• Task requirements: Only the lines from the one containing "REGULAR 49970 Navy" through the end of the data below are to be repeated, exactly as given, without pictures.

• Data:

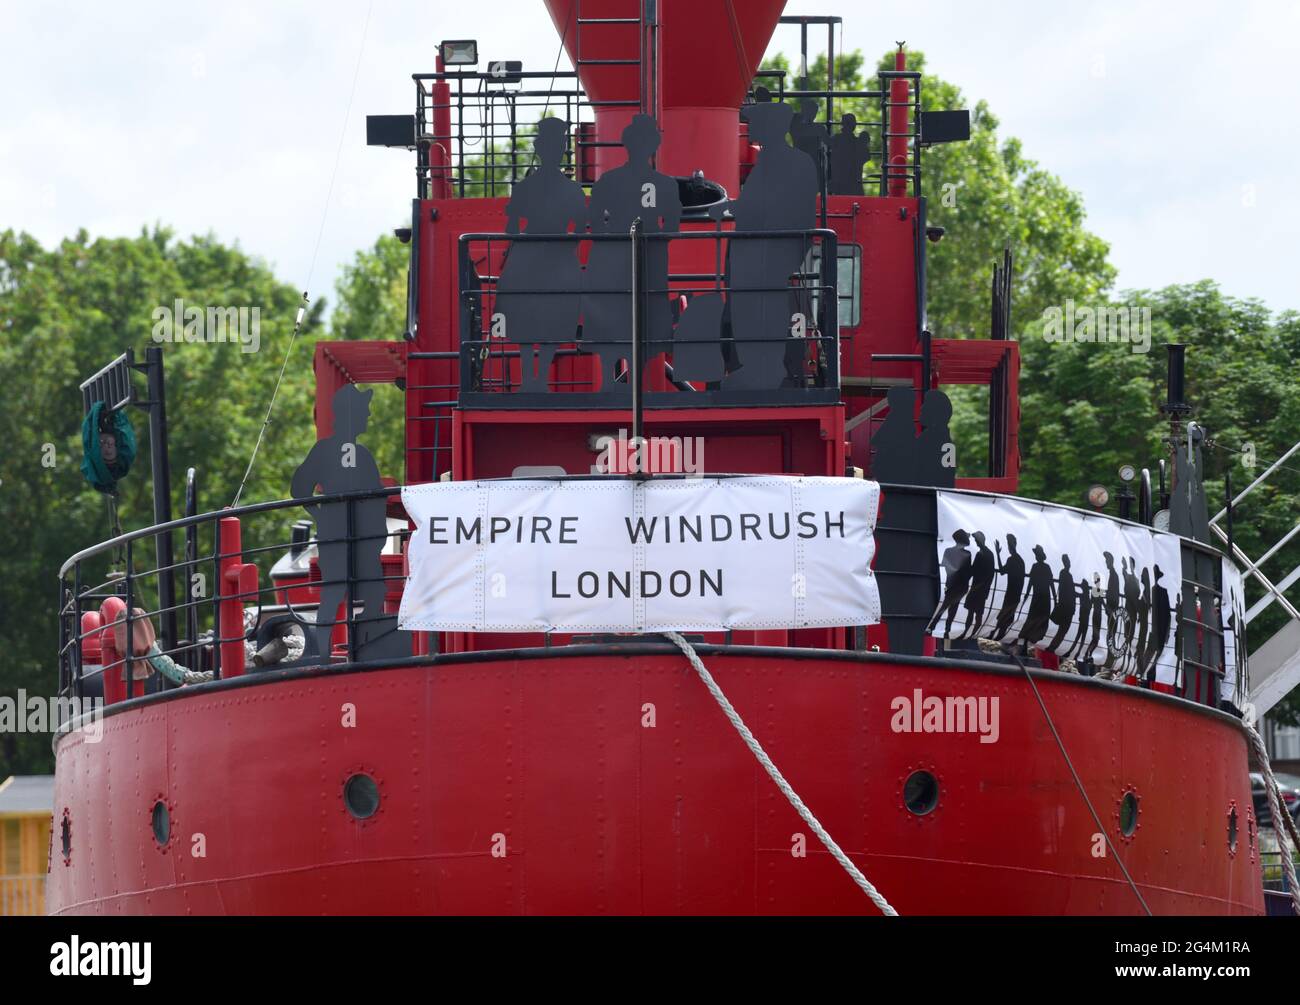 22/06/2021 Gravesend UK pour célébrer et commémorer l'arrivée de la génération Windrush sur l'Empire SS Windrush, et leur contribution à la r Banque D'Images
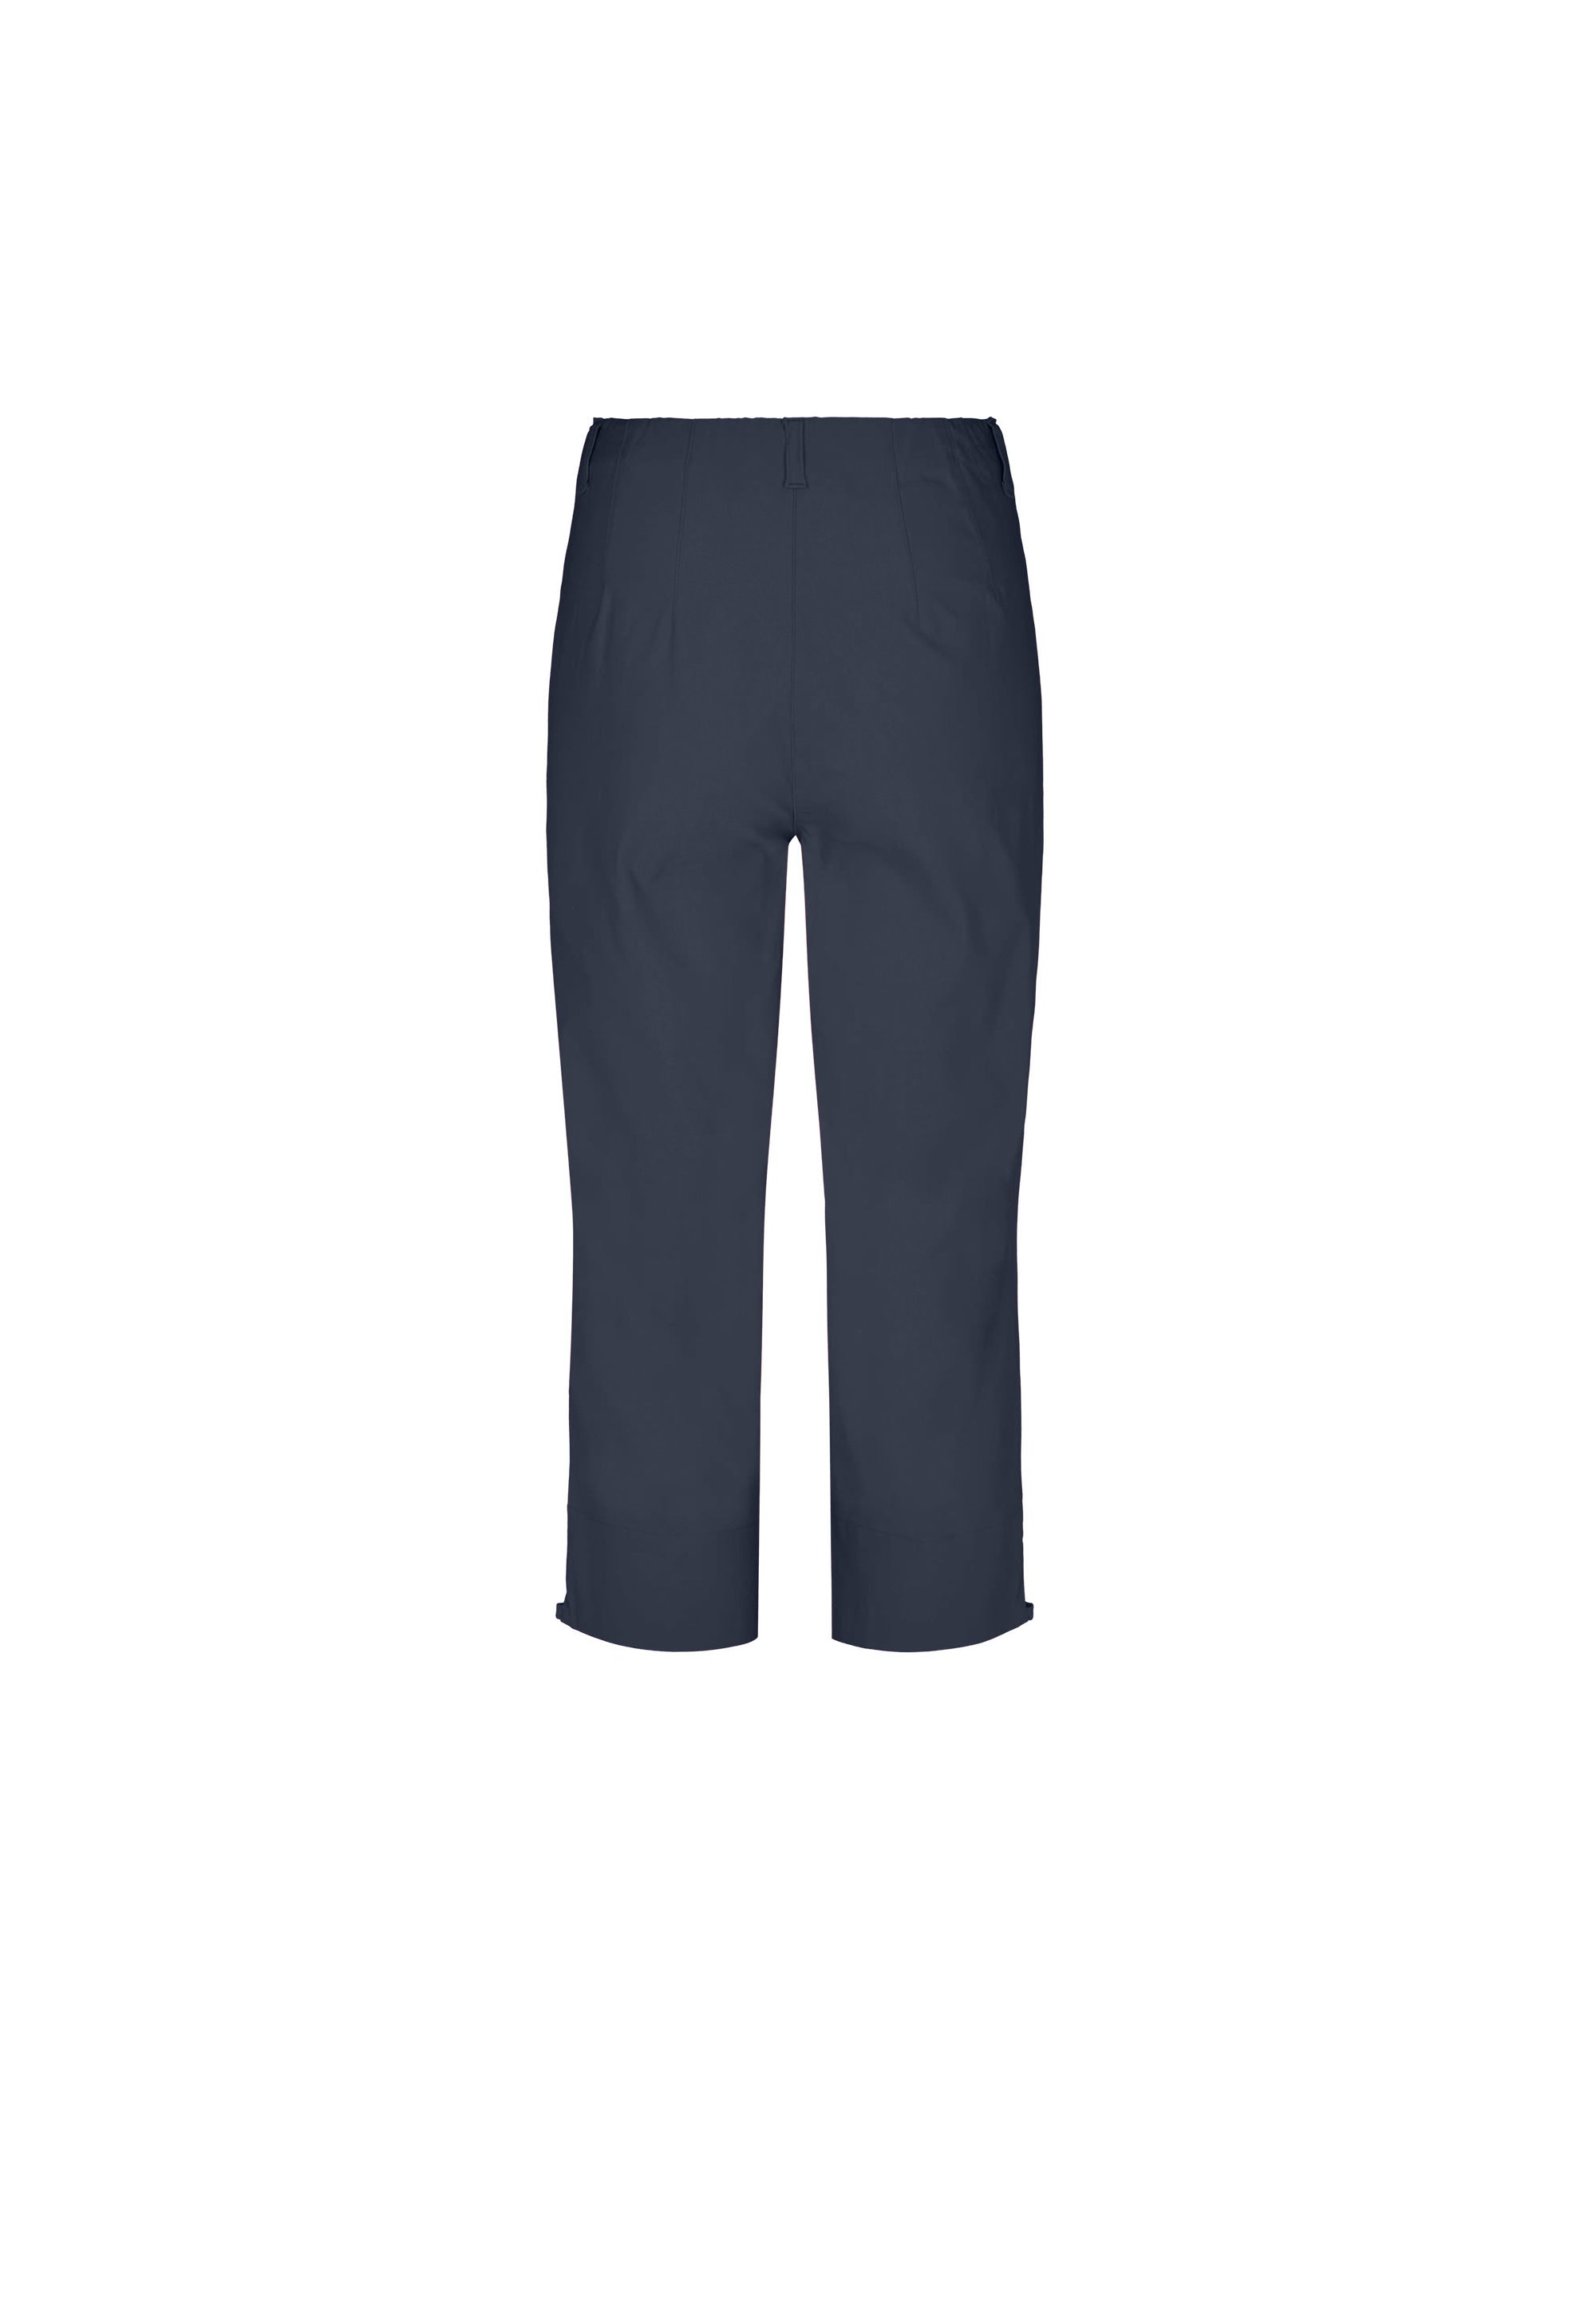 LAURIE  Anabelle Regular Capri Medium Length Trousers REGULAR 49970 Navy
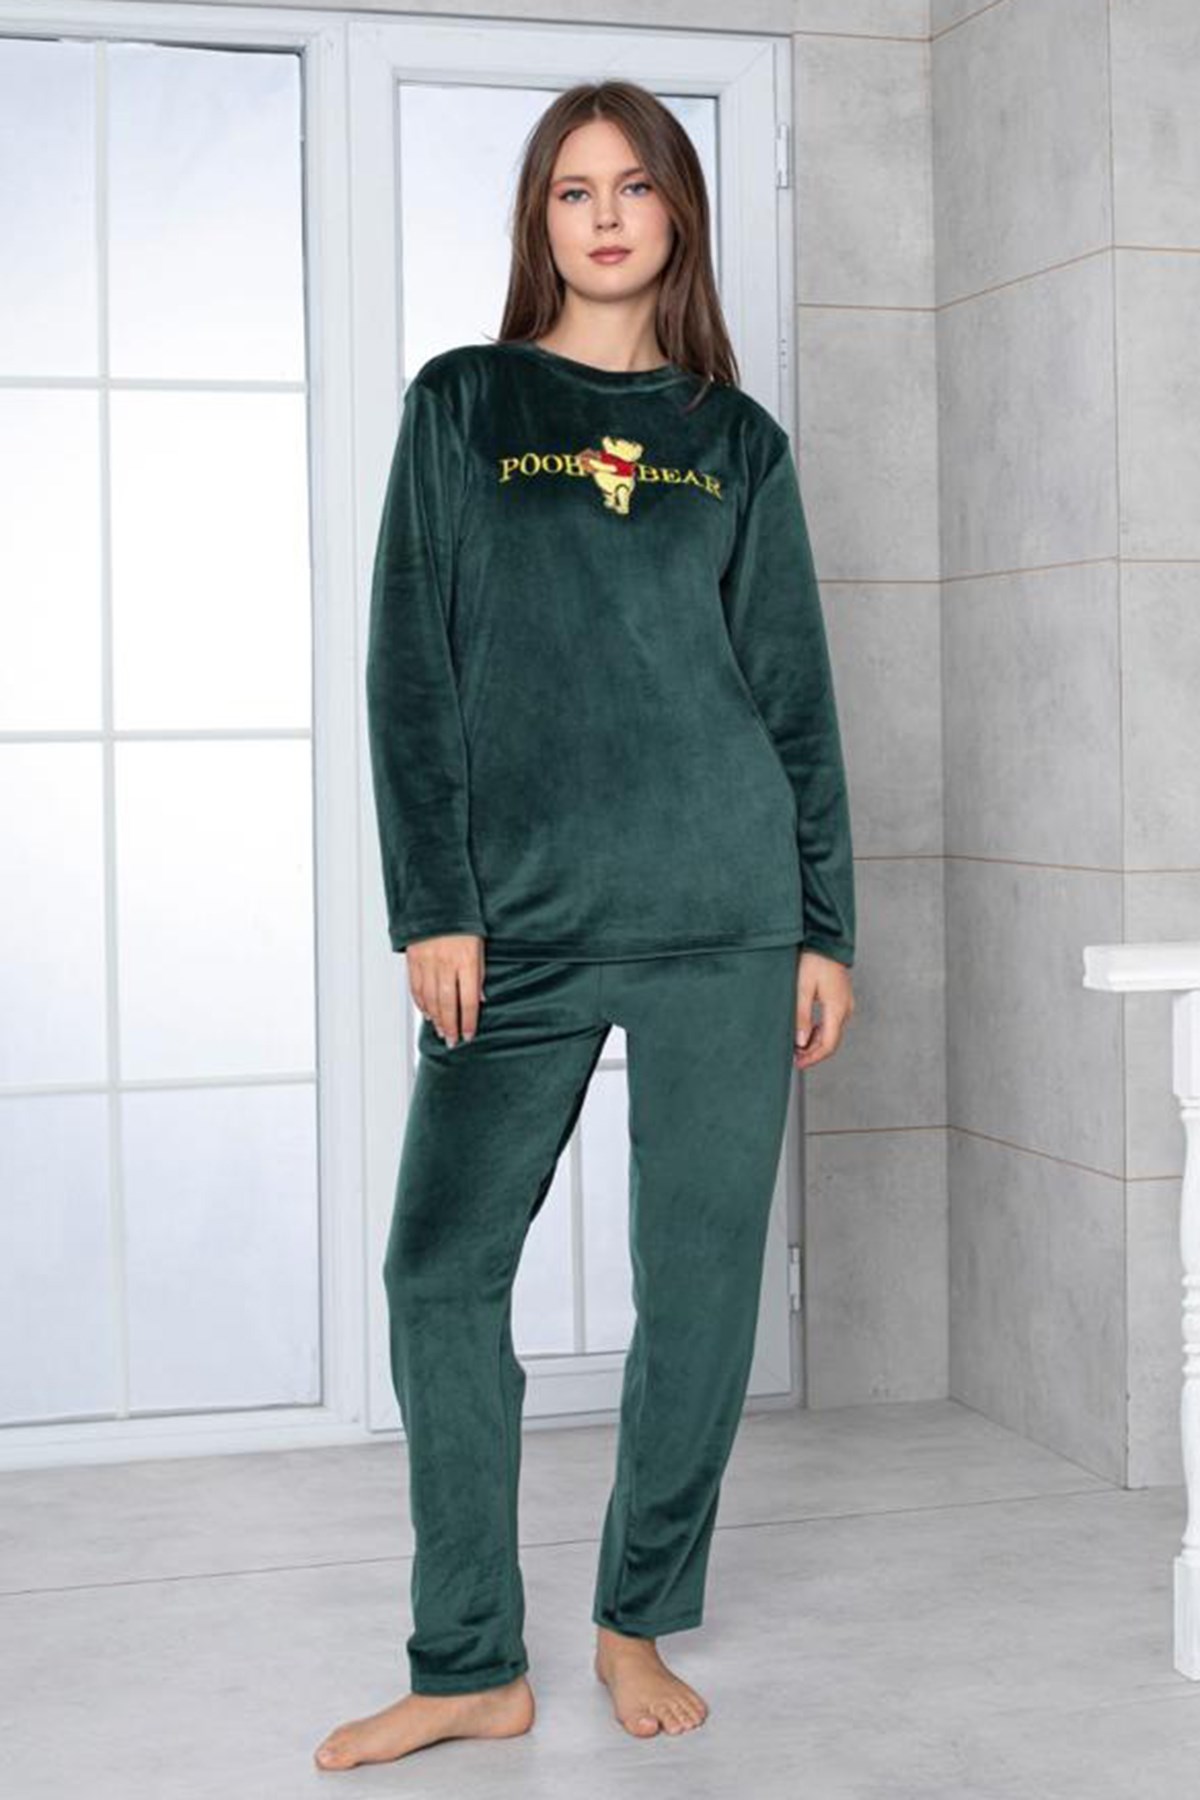 Kadife Kumaş Teknur 52161 Yeşil Renk Kadın Uzun Kol Pijama Takımı

• Answer box:
 LAURIE  Anabelle Regular Capri Medium Length Trousers REGULAR 49970 Navy
 Kadife Kumaş Teknur 52161 Yeşil Renk Kadın Uzun Kol Pijama Takımı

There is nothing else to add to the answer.